Right now many of my fellow colleges and friends have left NYC temporarily or for good. The departures haven't been confined to those I know. Many in NYC have packed up and left the "Big Apple" during 2020 as is evident if you follow the Instagram @stoopingnyc or just look out your window here in the city. An influx of moving vans, pristine stoop finds, and curbside couches scream, "EVERYONE IS LEAVING!"
The pandemic has made 2020 an especially hard year for artists in theatre, film, or any other live performance. Jobs that were lined up for the year slowly fell away one by one. New jobs that looked promising were scrapped or postponed for another time. I know I have had a very hard time planning what my future will look like because of the uncertainty and lack of jobs.
Some friends have used this time to branch out and start their own businesses; selling vintage, making jewelry, revamping Etsy stores, etc. I have tried to remain busy with projects as well, but again, the uncertainty rears its ugly head and things fall, change, get pushed back, etc.
With the amount of New Yorkers leaving, especially younger ones who are in the arts, I have begun to wonder what NYC's theatre and film scenes will become.

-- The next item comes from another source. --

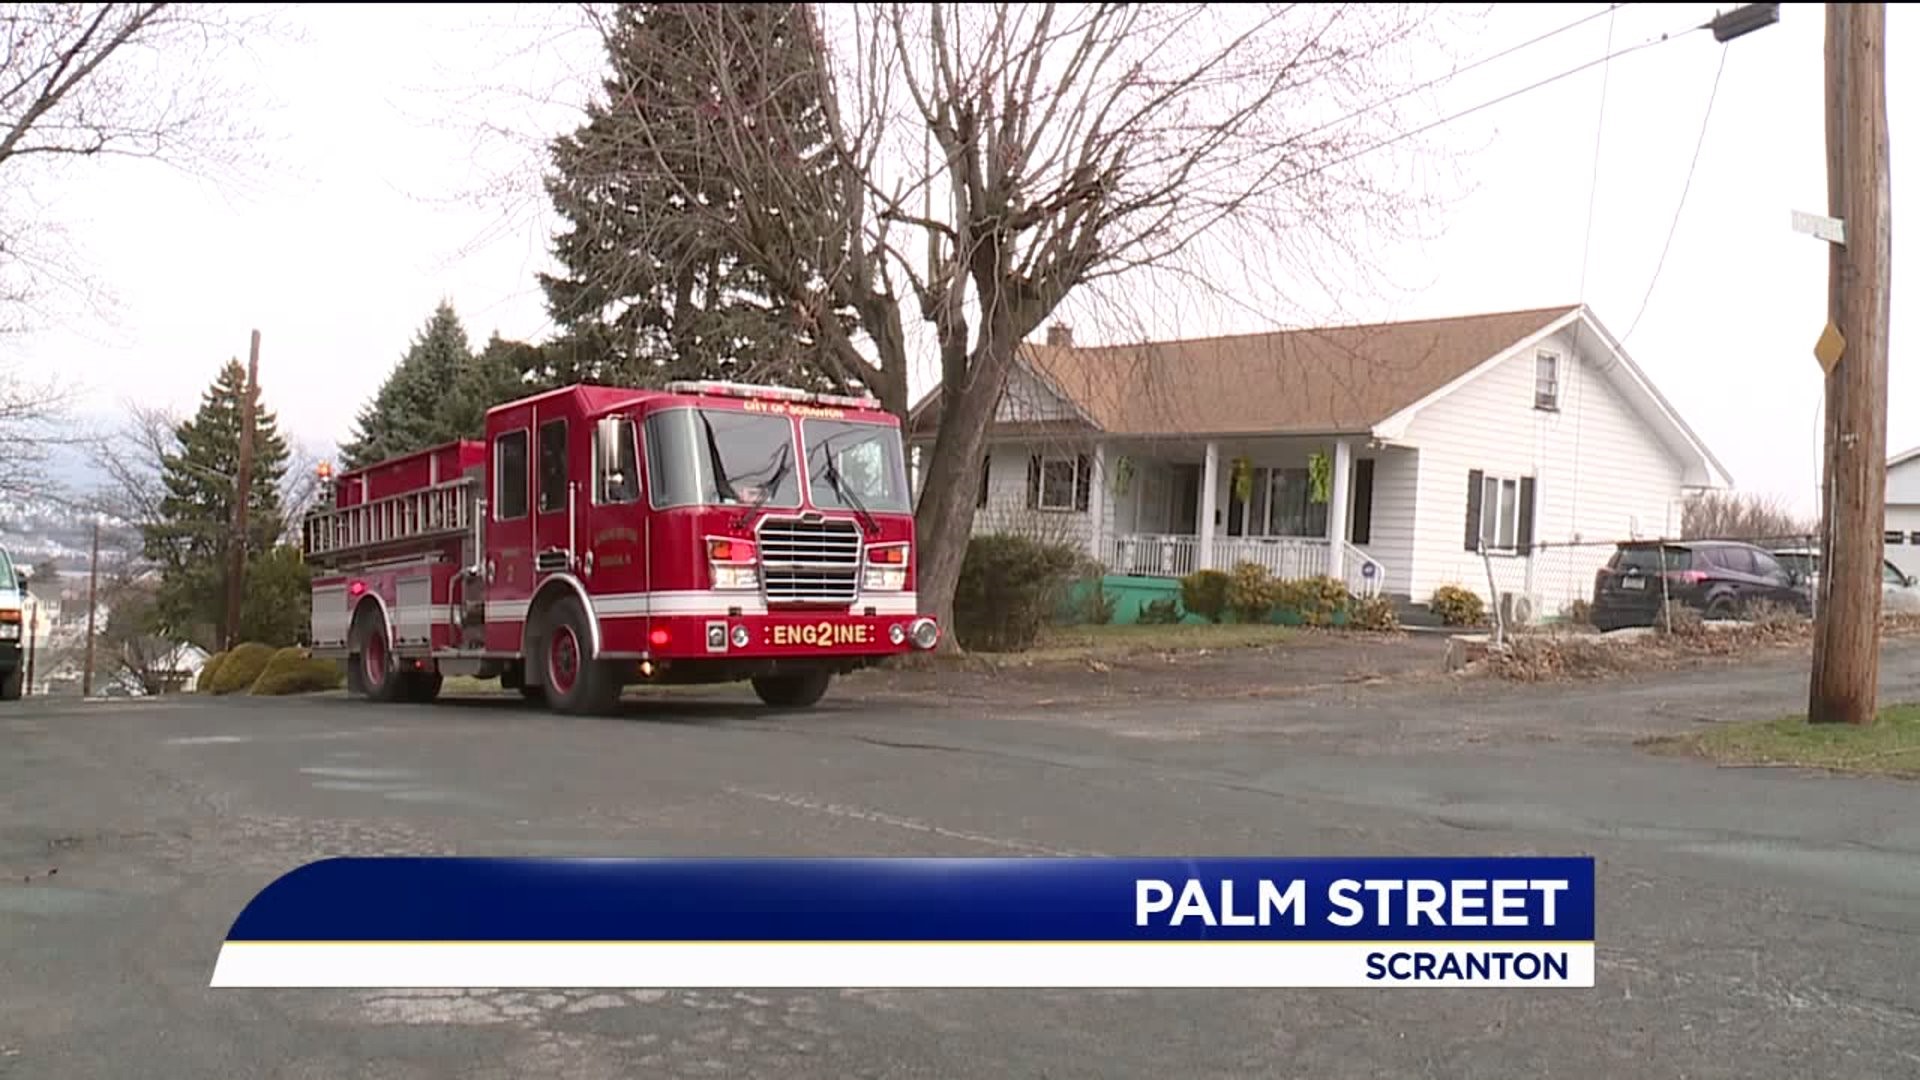 Family Taken to the Hospital After Exposure to Carbon Monoxide

I also wonder what other places' theatre and film will look like thanks to the new wave of talented people who have exited NYC. Could a Midwest town now become a hotbed for cutting edge theatre? I know there are many theatres that are coming up with new ways to share live art. The Omaha Community Playhouse, for example, is offering "drive-in" live events. These are mostly concert type theatrical performances, but those who attend feel safe and enjoy their night out. These style of "drive-in" theatres can only happen in places that have the space. NYC is so jam packed, I don't think anything along those lines would be feasible.
Many in NYC are still weighing the odds "should I stay or should I go?" It is the biggest gamble of most of our careers. Will theatre and film "come back" in a safe and sustainable way or will previous toxic practices be amplified by the current precautions? Will I be provided for at my job or treated like a pleb who must fend for myself when it comes to health and safety? Will I have to take a pay cut because my job now has to purchase PPE and "can't afford to pay my fee?" These are real worries from those in film and theatre when stepping back into their roles. It is not just "should I stay (in NYC) or should I go." It has now become "should I stay (in theatre/film/entertainment) or should I go."
I believe the world will miss out on so many talented and visionary artists because of how the pandemic was and is handled and how the aftermath will be handled in the future. It is hard to create and experiment when you are worried about your health, safety, home, and money all the same time. Others are trying to preserve a space for artists through campaigns, donations, etc. If you can, read up on them, find more, and participate how you can.